Dutch flower firm operating in Kenya, Van Den Berg Limited, has lost a case against the Kenya Revenue Authority (KRA) after the High Court ordered it to pay KSh1.3 billion in taxes.
The order comes after the High Court dismissed a judicial review application filed by the company in April 2016, seeking to revoke a tax assessment issued by the Commissioner of Domestic Taxes.
KRA selected the firm for a tax audit for the tax period 2008 to 2013. On conclusion of the audit, the Authority issued a Notice of Assessment of KSh1.3 billion in respect of Van Den’s Corporation tax, Withholding Income Tax, Value Added Tax (VAT), Pay As You Earn (PAYE), and KEBS Levy.
Thereafter, Van Den filed a case challenging the assessment and objected to the decision by the Commissioner of Domestic Taxes.

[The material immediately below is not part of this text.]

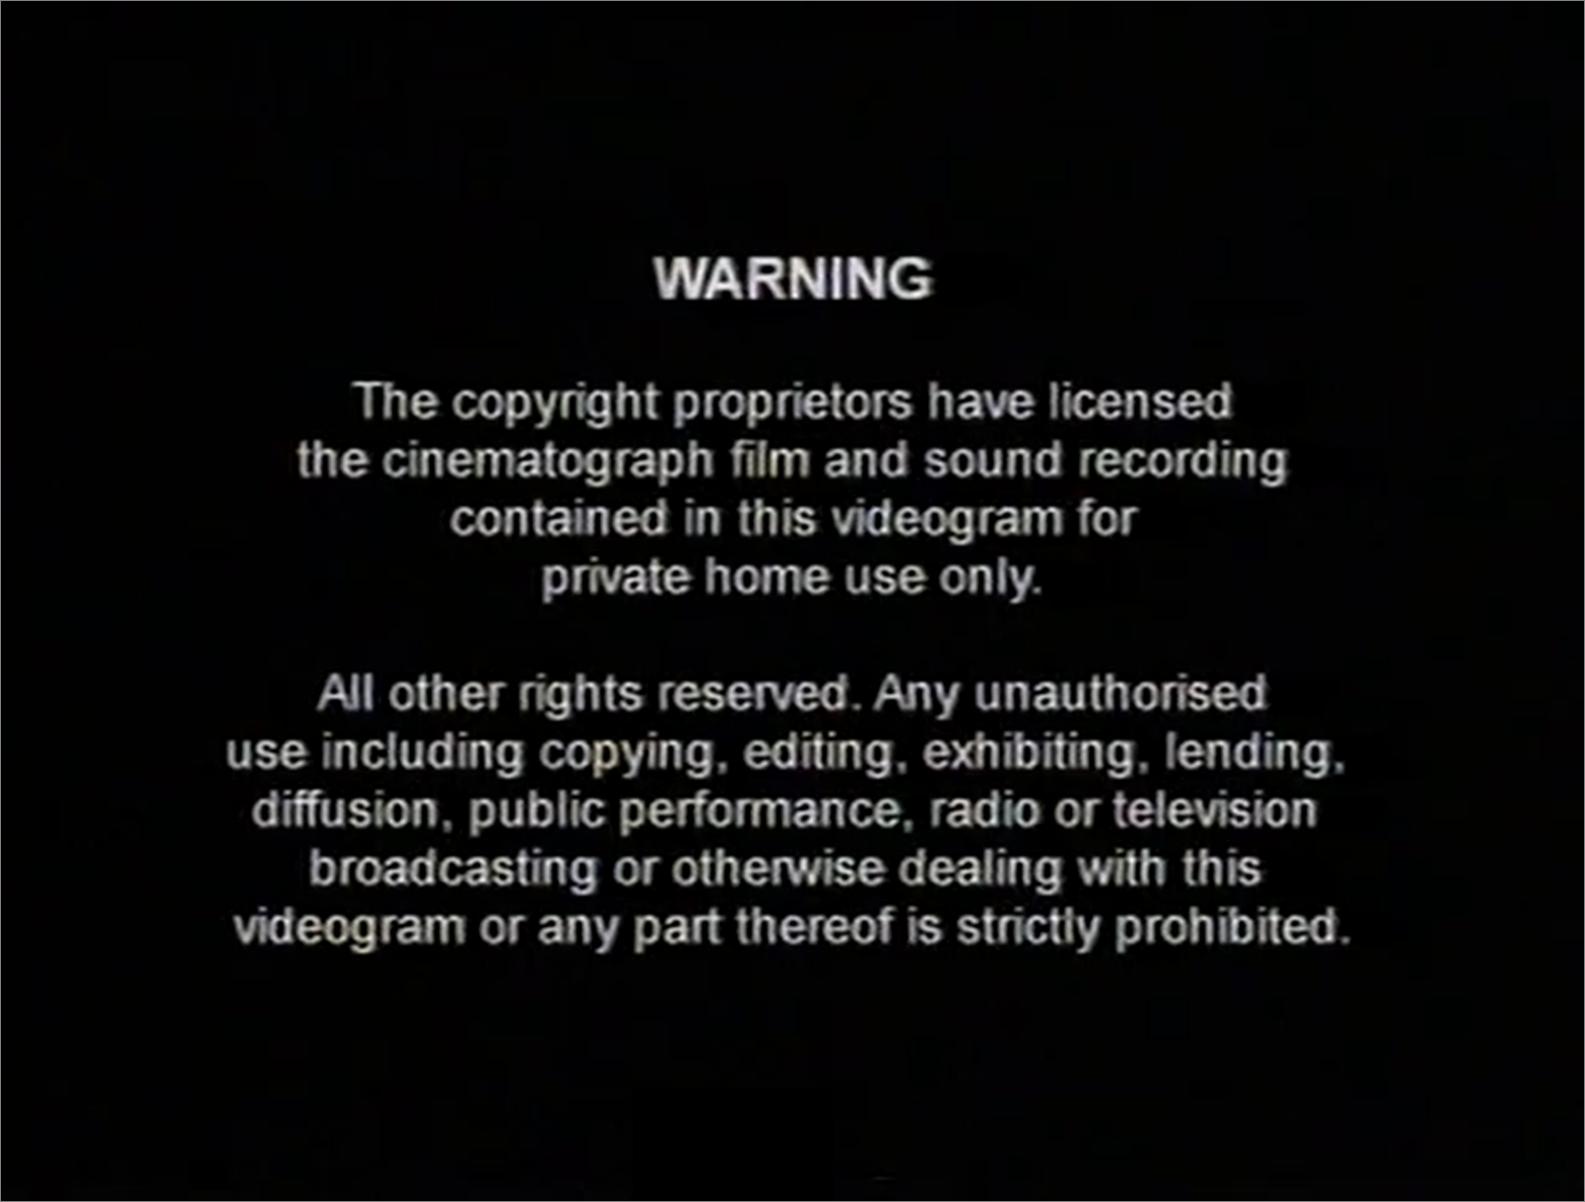 Image Universal Warning Variant 2000 Png The Fbi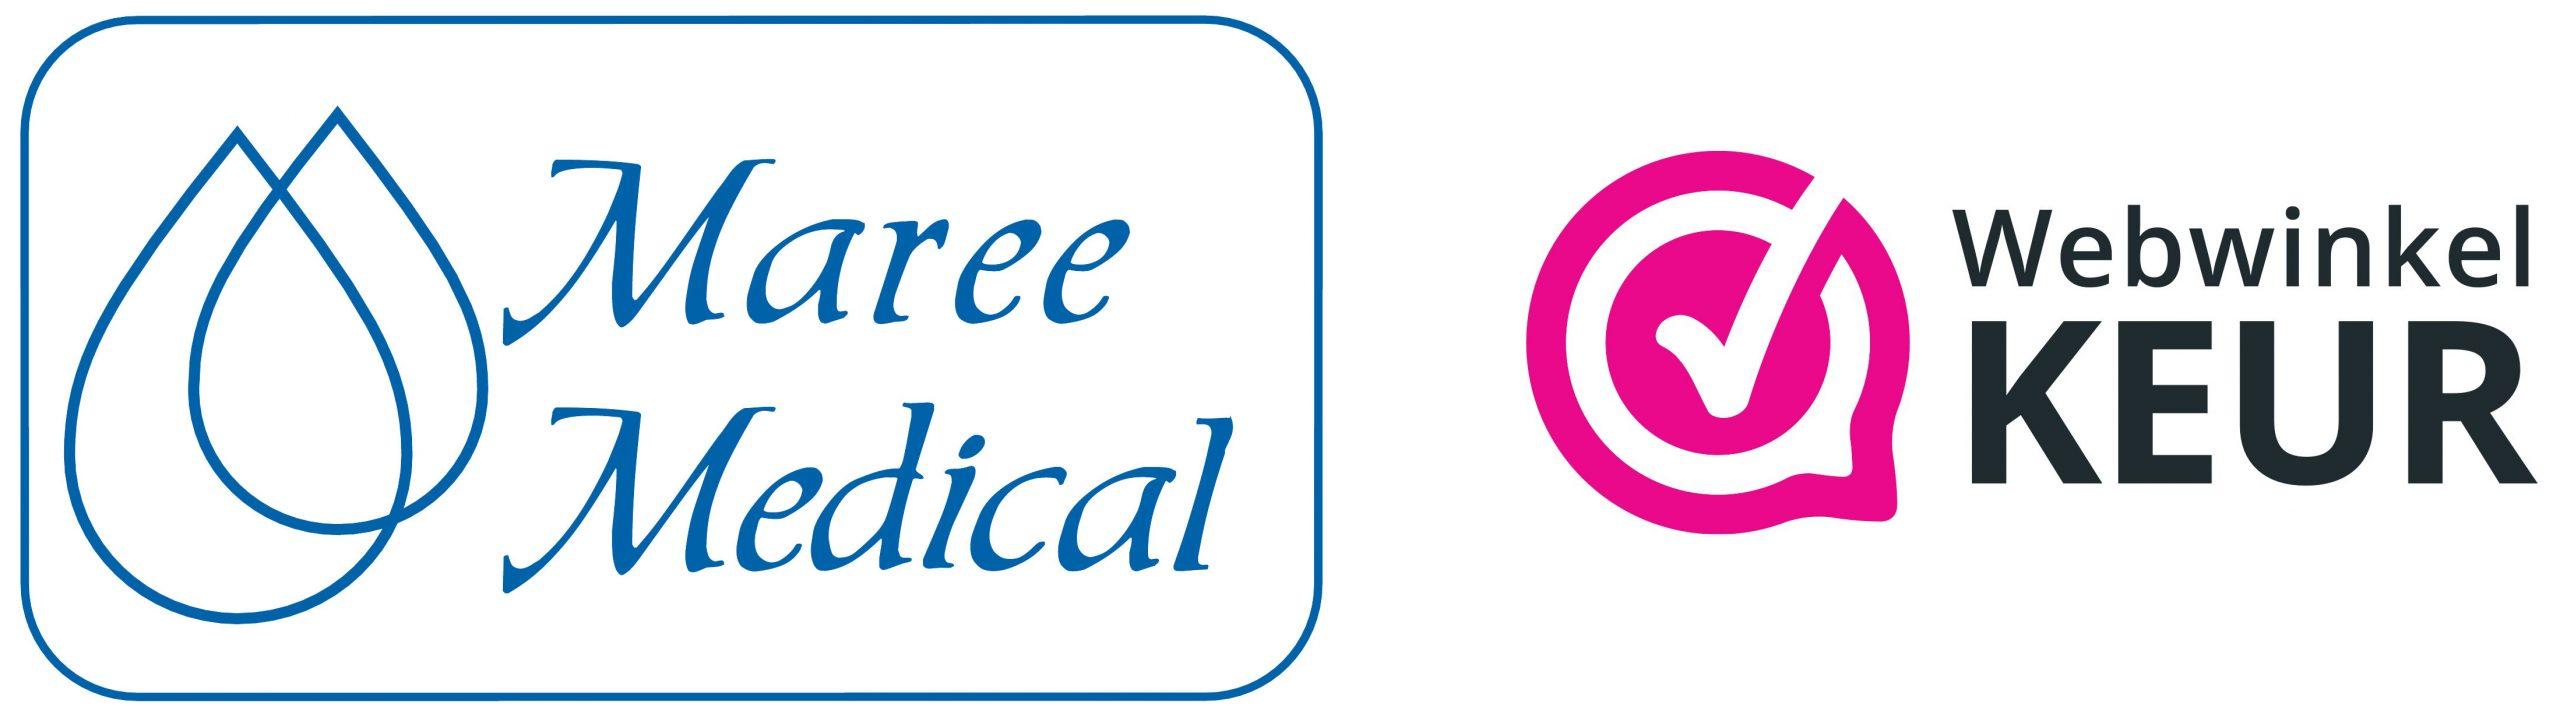 Maree Medical International

However, in its online ruling made on 29th May, the High Court agreed with KRA’s position and ruled that the issues before it were not of a judicial review nature, but should instead be solved before the Tax Appeals Tribunal, striking out the case and awarding costs to KRA.
Van den Berg is a rose-grower with nurseries in the Netherlands, Kenya, and China. The dutch firm also has a processing facility at Floraholland Naaldwijk used to add value to the Dutch and Kenyan flowers.
The flower industry is among Kenya’s largest foreign exchange-earners. Kenya is the world’s 4th largest flower exporter. It has created jobs for close to 150,000 people. In 2018 alone, cut flowers earned the country KSh113 billion.